NEW YORK (AP) A prosecutor told jurors at the start of the first insider trading trial of a portfolio manager for SAC Capital Advisors that insider trading was relied upon to boost slumping results in 2007, but a defense lawyer said Wednesday that his client was the victim of a corrupt analyst who cooperated with the government to escape a long prison sentence.
The differing analysis of the facts at the trial of 41-year-old Michael Steinberg came during opening statements in U.S. District Court in Manhattan. The trial began just weeks after SAC Capital agreed to pay a record $1.8 billion to settle civil and criminal insider trading charges. The Stamford, Connecticut-based company is owned by billionaire businessman Steven A. Cohen. He has not been charged criminally but faces civil claims.

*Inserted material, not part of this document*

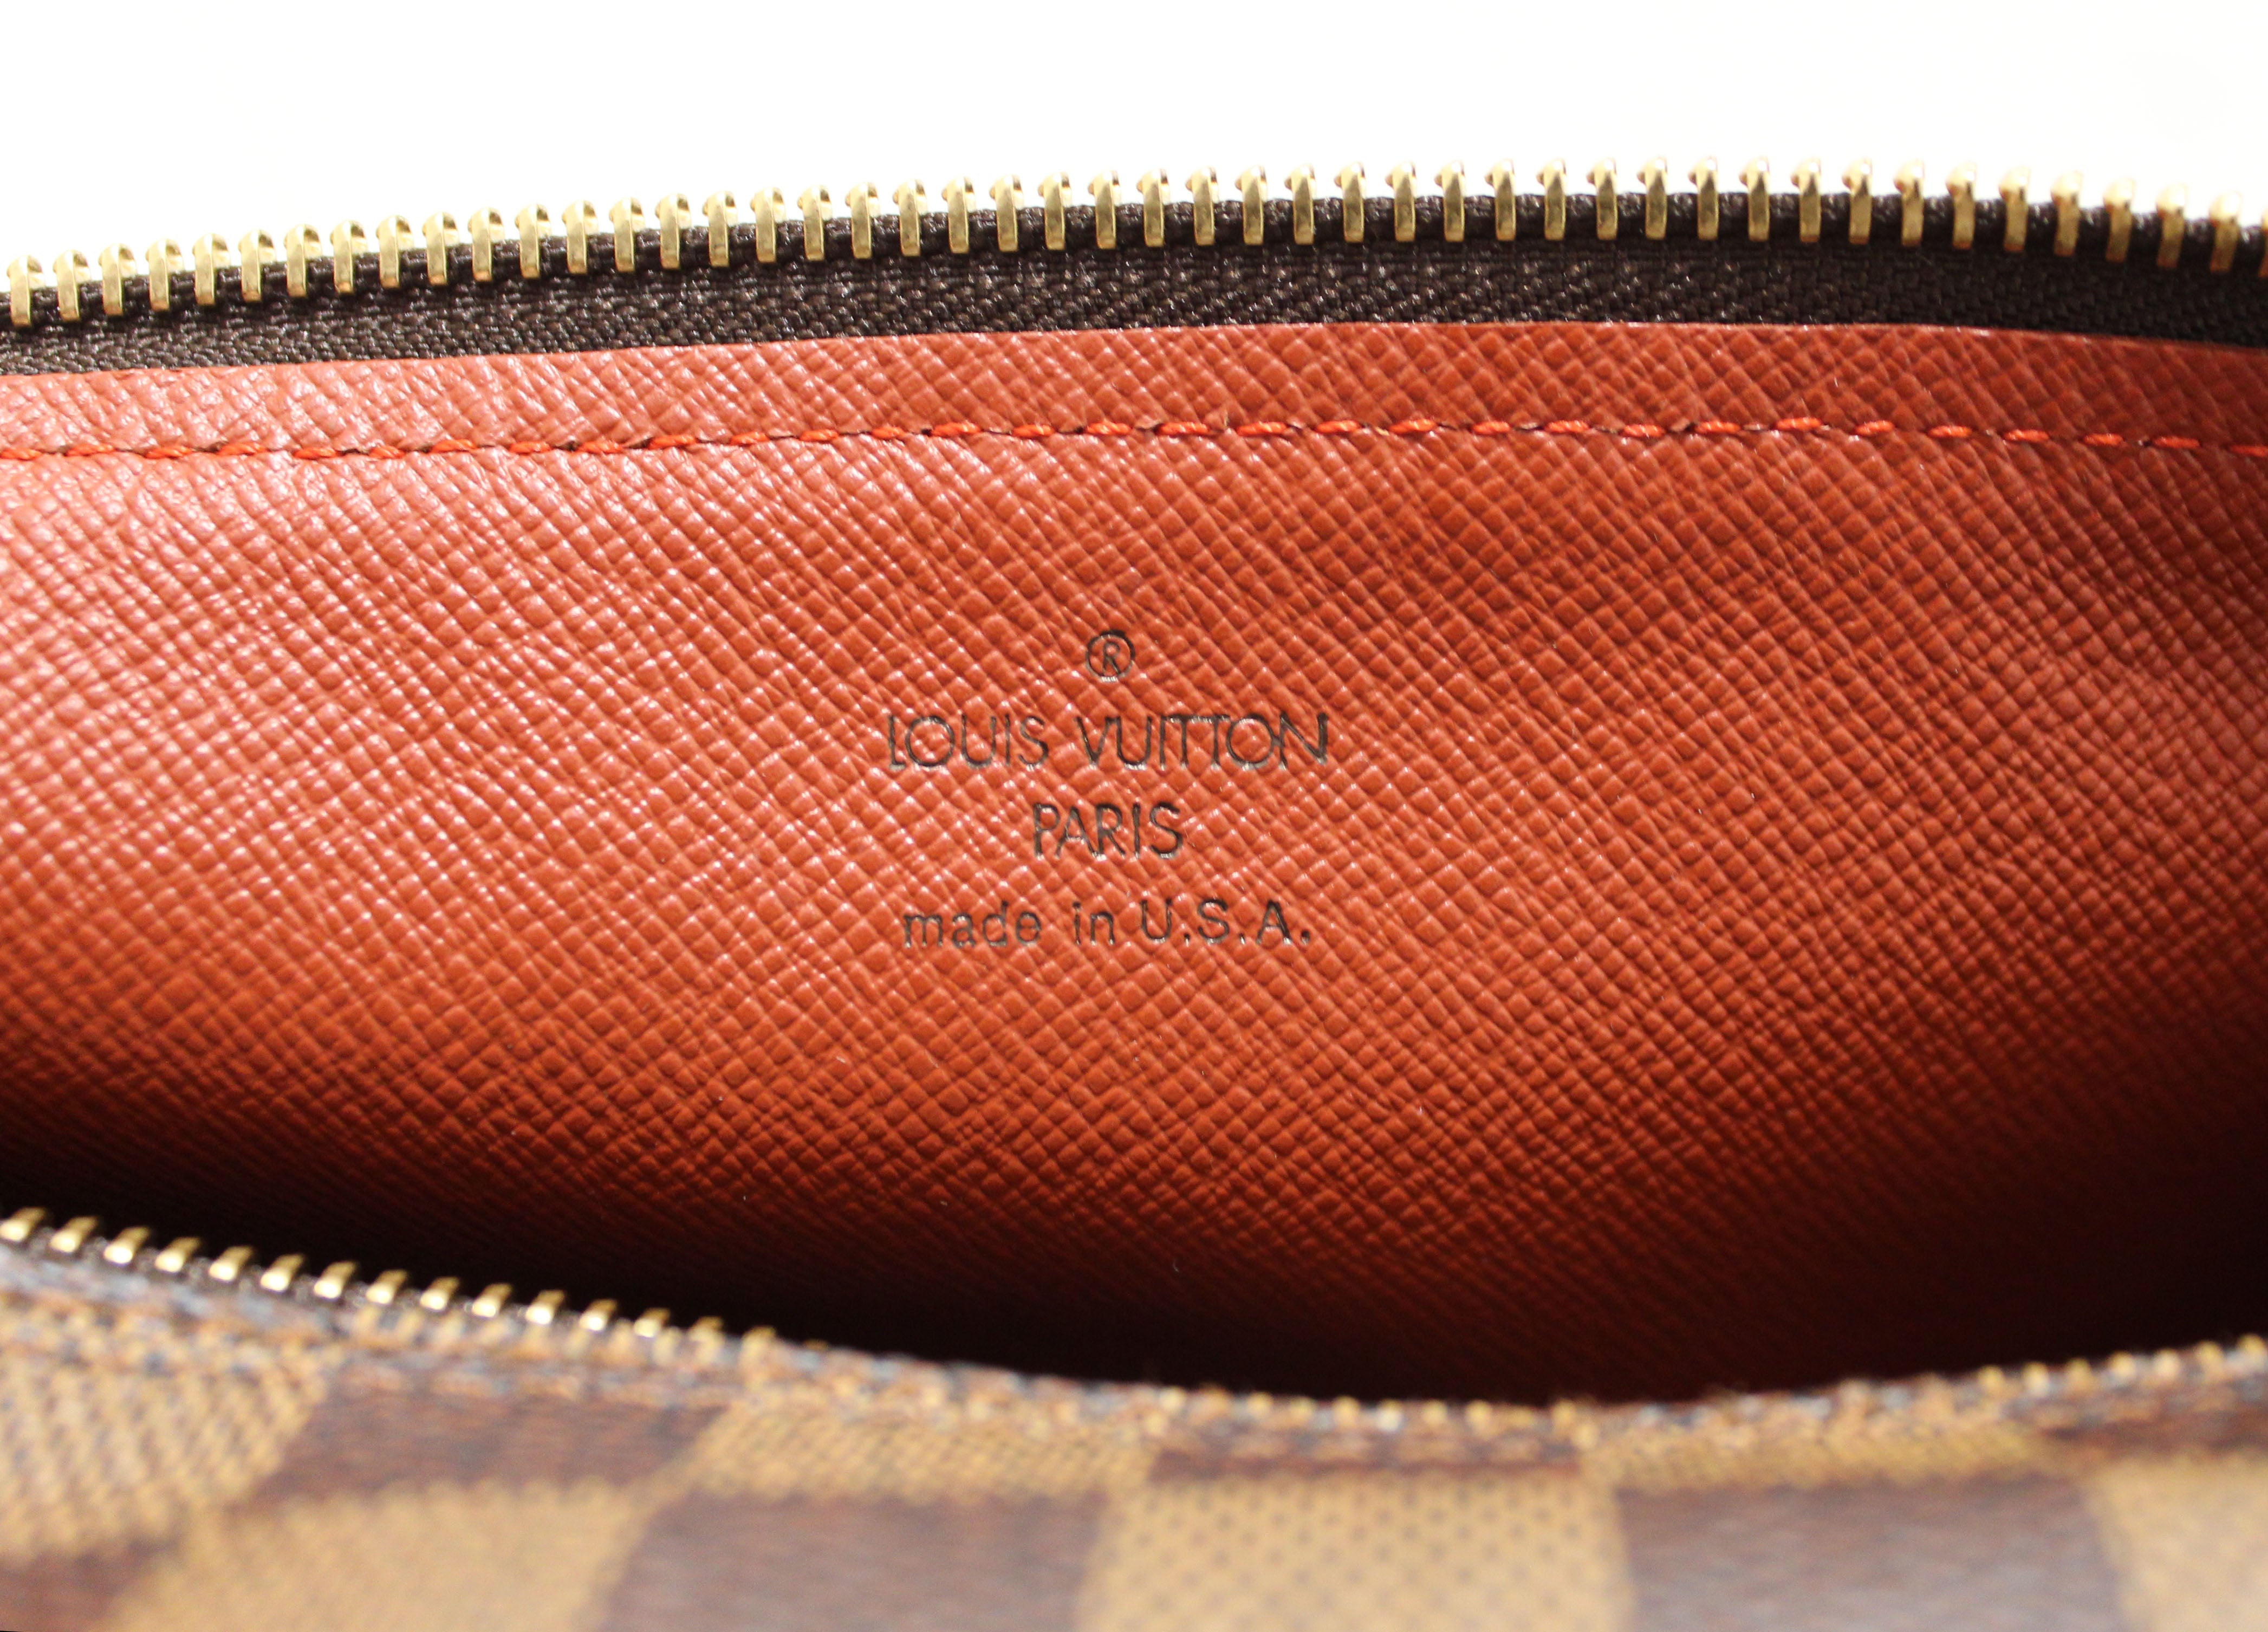 Authentic Louis Vuitton Damier Ebene Papillon 30 Handbag

Assistant U.S. Attorney Antonia Apps told jurors that Steinberg made illegal trades between 2007 and 2009 after receiving insider information from an analyst, Jon Horvath of San Francisco. Horvath pleaded guilty last year to insider trading charges and agreed to testify against Steinberg as part of his plea deal.
Apps said Steinberg "chose to break the law" after losses were incurred and he needed to boost his results.
"He chose to break the law to make big money for himself and the company for which he worked," she said. "He did it to get an illegal edge."